=== Begin Enclosure ===
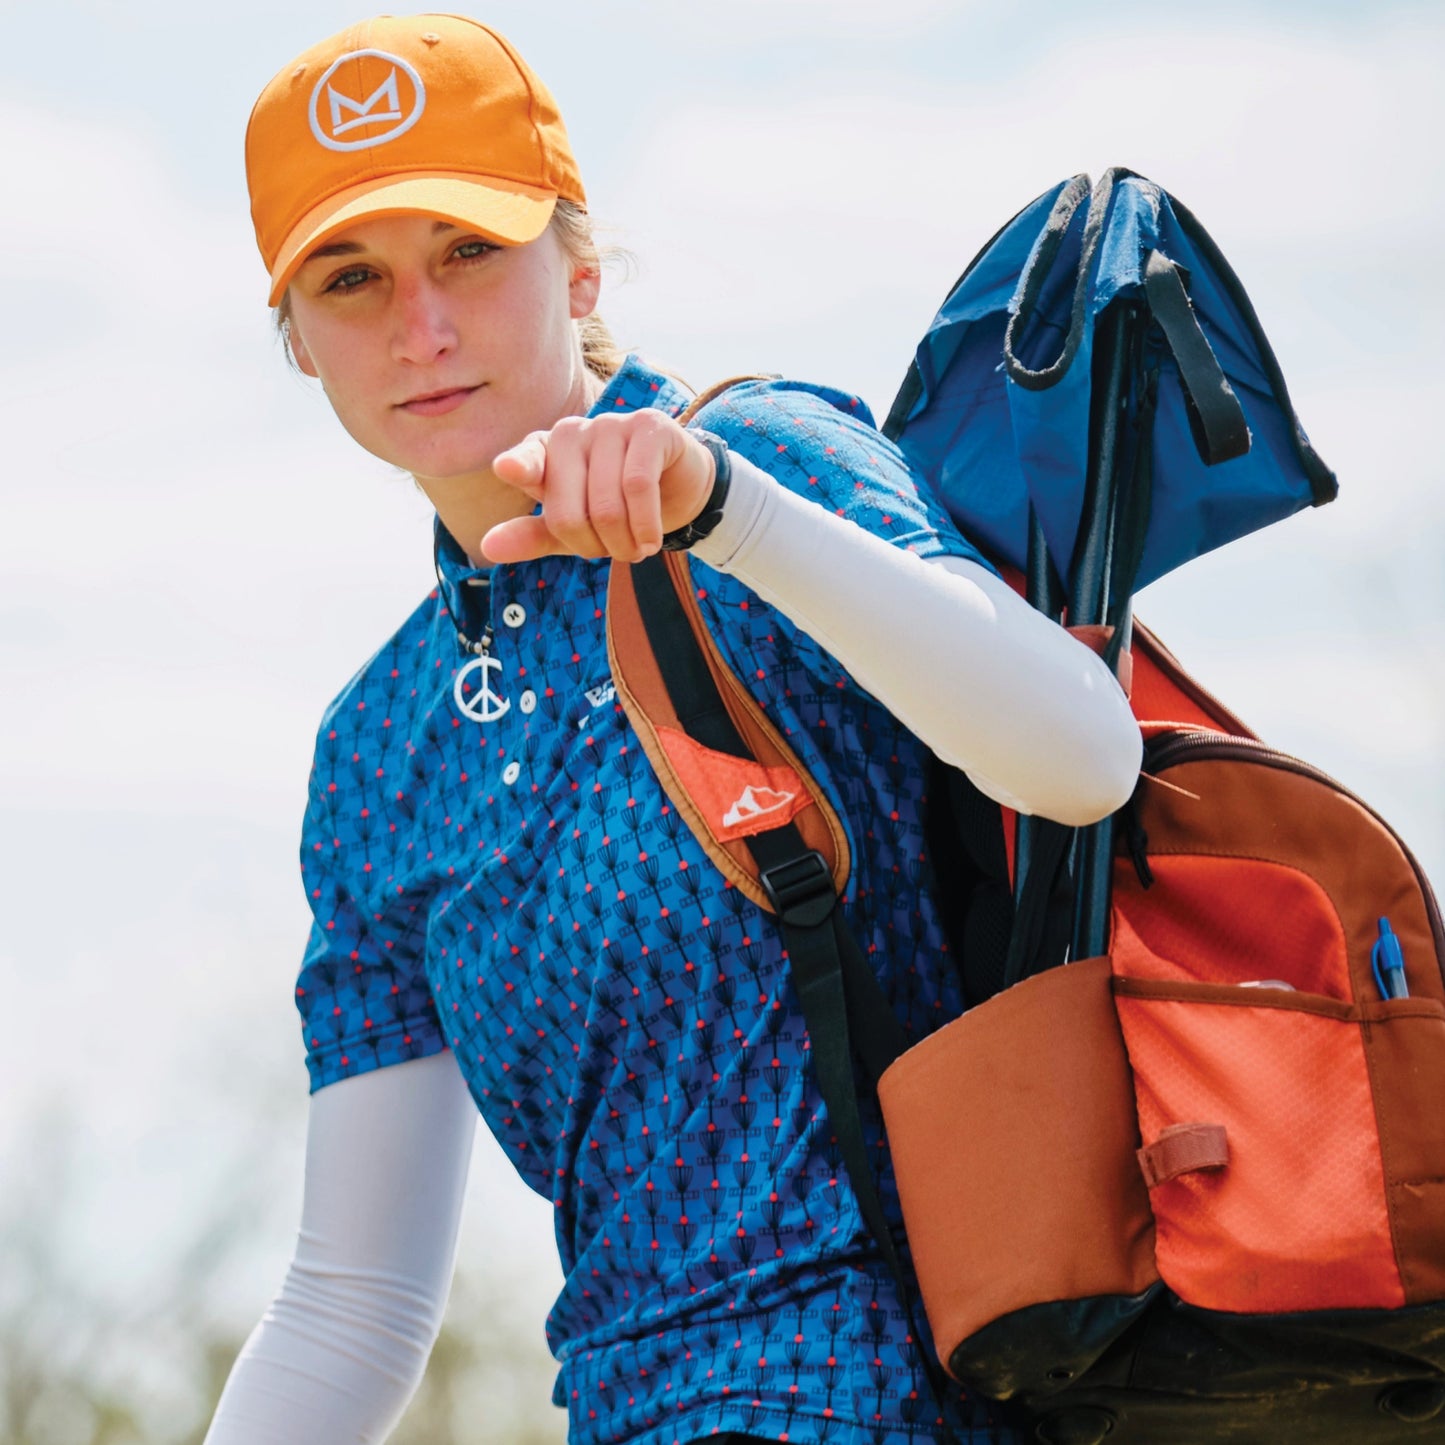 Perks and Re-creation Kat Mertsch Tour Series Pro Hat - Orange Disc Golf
=== End Enclosure ===
=== Begin Enclosure ===
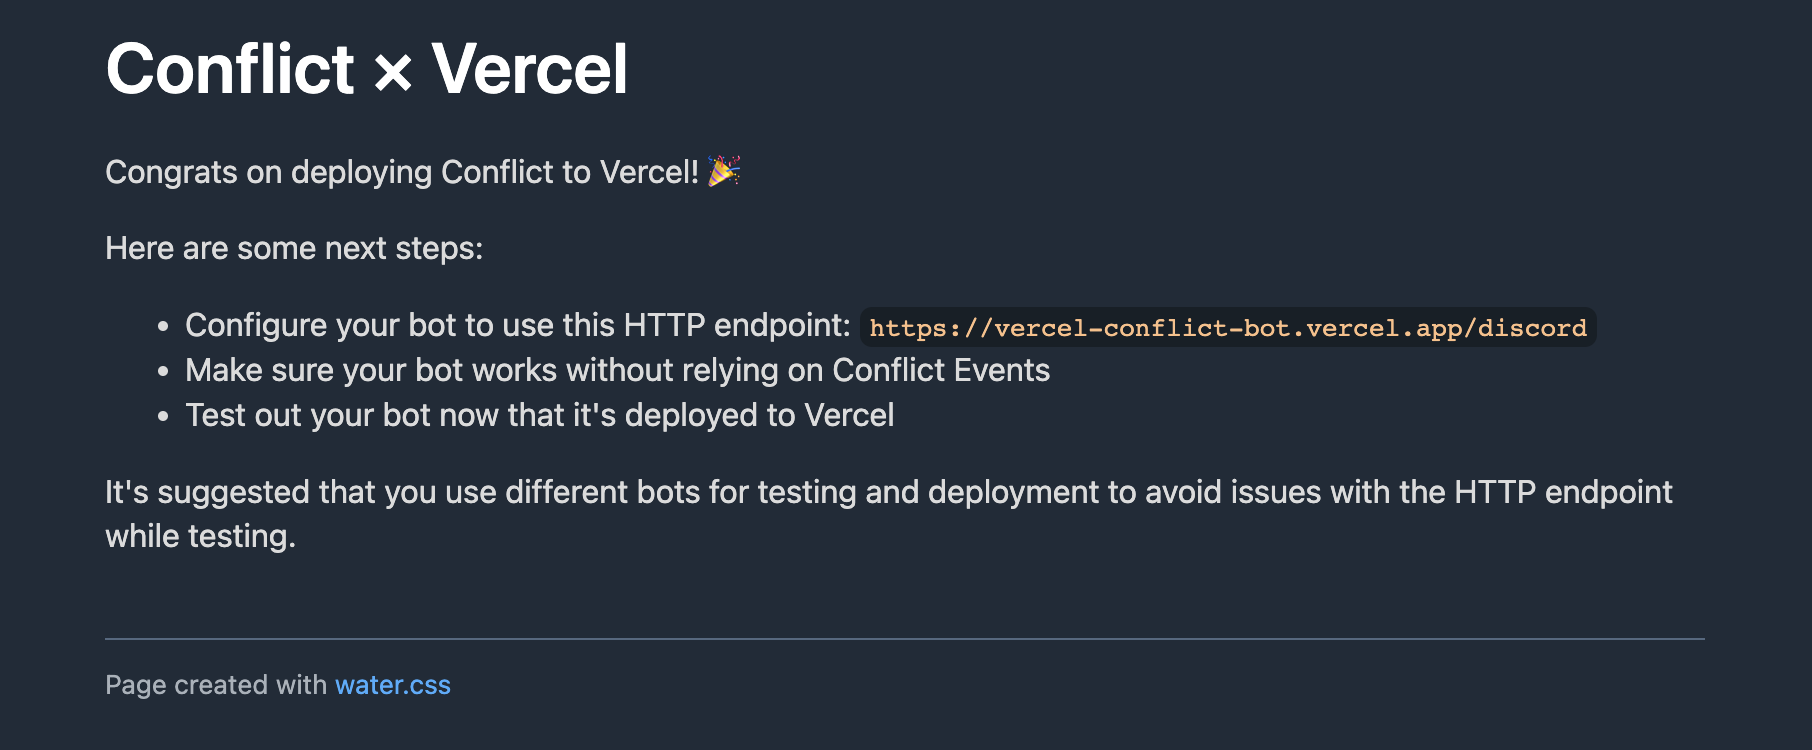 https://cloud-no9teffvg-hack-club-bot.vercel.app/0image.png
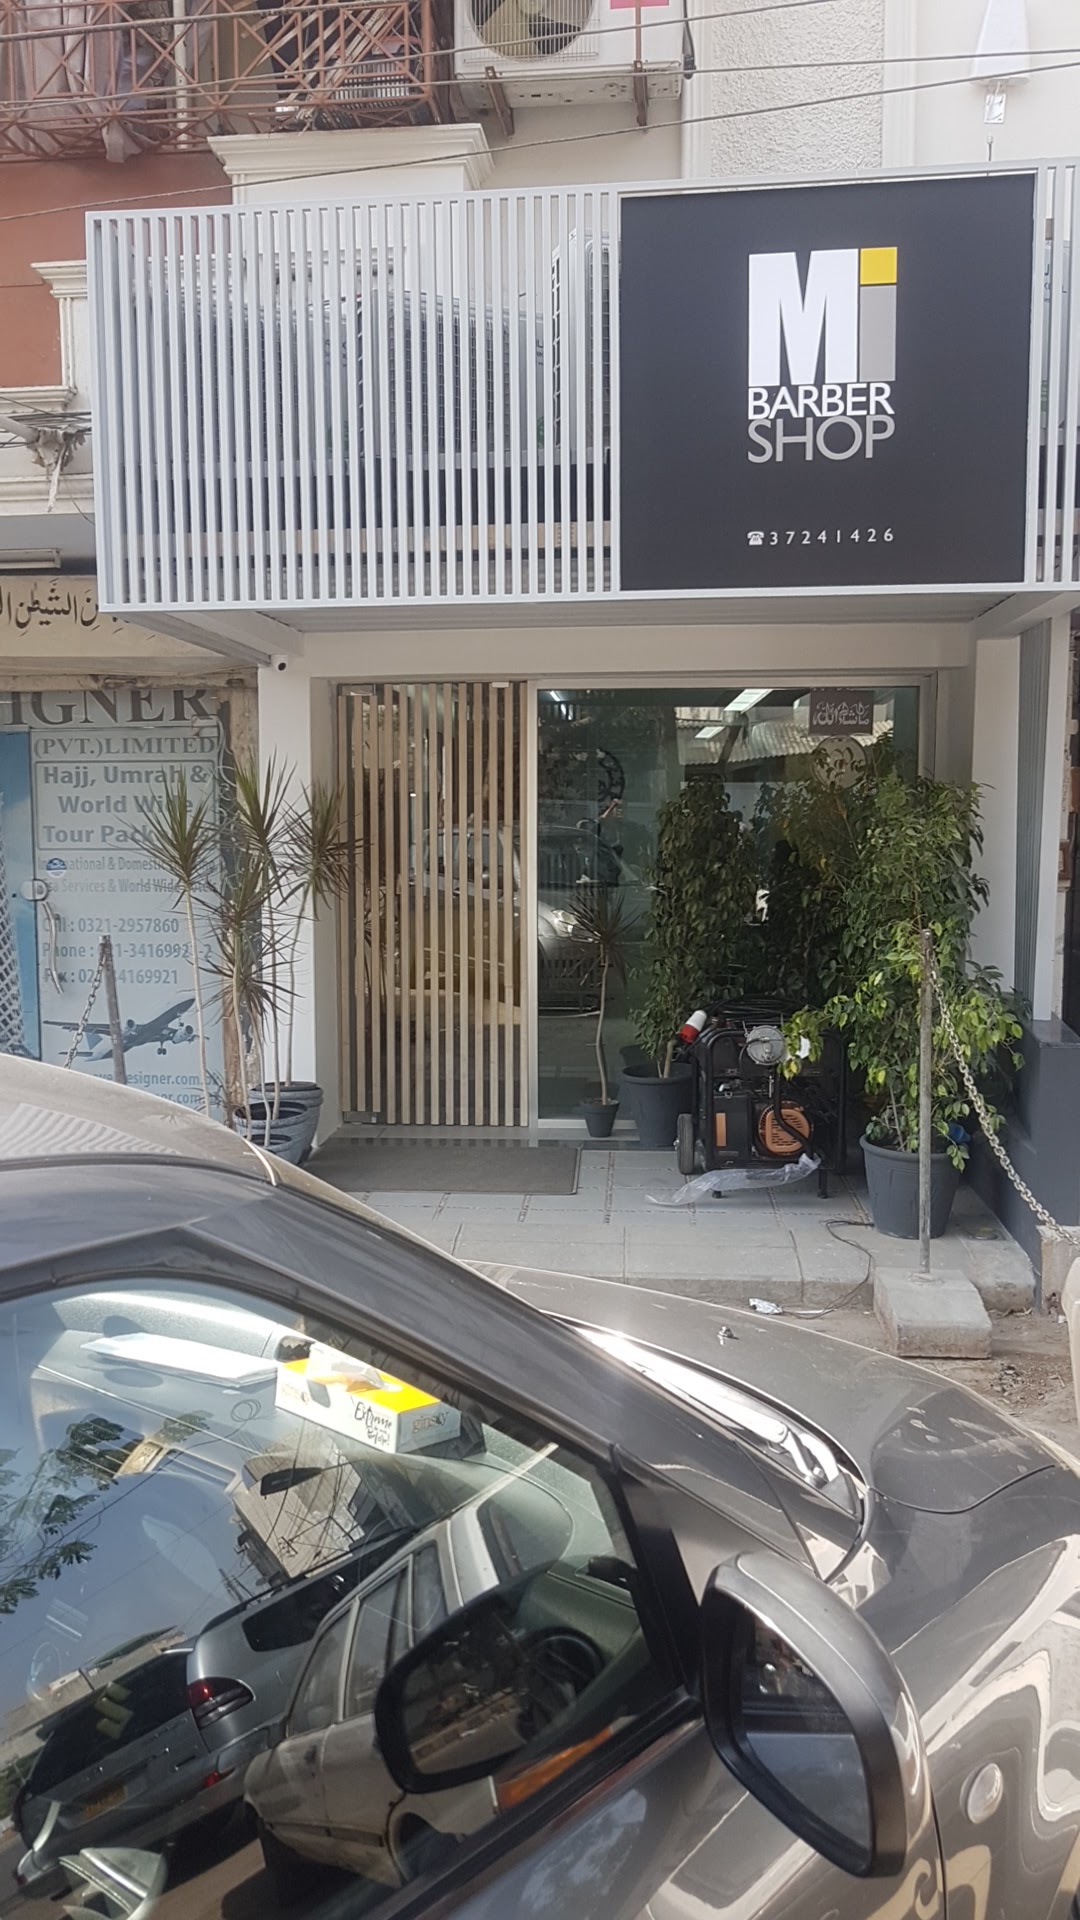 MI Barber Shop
=== End Enclosure ===
• **Problem**
Reproduce exactly the lines above that run from the one with "https://cloud-no9teffvg-hack-club-bot.vercel.app/0image.png" to the one with "MI Barber Shop", both included, leaving pictures out.

• **Answer to this problem**
 https://cloud-no9teffvg-hack-club-bot.vercel.app/0image.png
 MI Barber Shop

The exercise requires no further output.